Activity — From the first line of the material below to the line containing "mascotas simpático hotel", repeat every line exactly and add nothing.

· · ·

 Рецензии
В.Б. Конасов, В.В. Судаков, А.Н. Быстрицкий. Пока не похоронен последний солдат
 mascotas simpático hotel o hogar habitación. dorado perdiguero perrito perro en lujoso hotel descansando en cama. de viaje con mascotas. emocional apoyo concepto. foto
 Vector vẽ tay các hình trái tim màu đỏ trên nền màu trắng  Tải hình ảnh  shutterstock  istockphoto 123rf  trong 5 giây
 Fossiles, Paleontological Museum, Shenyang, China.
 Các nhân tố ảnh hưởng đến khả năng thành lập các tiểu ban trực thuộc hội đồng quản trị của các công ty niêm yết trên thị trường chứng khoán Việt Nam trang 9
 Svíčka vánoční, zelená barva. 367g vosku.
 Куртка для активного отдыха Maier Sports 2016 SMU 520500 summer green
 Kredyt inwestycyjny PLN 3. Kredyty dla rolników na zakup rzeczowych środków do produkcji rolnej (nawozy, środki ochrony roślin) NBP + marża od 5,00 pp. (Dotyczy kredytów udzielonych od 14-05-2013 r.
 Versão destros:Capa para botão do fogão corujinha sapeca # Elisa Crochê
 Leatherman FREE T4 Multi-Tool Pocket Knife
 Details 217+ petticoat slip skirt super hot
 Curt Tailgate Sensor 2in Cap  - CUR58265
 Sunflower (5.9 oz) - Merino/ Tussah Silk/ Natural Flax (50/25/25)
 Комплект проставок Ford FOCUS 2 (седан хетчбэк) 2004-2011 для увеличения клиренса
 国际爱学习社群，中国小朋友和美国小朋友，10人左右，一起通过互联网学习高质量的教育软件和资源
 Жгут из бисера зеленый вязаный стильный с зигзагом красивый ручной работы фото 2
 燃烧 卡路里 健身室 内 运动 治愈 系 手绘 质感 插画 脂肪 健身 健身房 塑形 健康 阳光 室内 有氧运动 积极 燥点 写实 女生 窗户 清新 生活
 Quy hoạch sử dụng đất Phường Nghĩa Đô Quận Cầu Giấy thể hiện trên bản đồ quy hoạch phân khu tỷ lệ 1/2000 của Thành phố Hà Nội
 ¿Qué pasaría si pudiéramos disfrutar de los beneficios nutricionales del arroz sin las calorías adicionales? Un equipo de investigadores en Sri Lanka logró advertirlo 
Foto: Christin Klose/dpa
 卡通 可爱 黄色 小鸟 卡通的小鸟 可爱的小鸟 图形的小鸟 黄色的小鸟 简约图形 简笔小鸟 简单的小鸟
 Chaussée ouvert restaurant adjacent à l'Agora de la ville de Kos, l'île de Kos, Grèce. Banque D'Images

· · ·

Output —
 Рецензии
В.Б. Конасов, В.В. Судаков, А.Н. Быстрицкий. Пока не похоронен последний солдат
 mascotas simpático hotel o hogar habitación. dorado perdiguero perrito perro en lujoso hotel descansando en cama. de viaje con mascotas. emocional apoyo concepto. foto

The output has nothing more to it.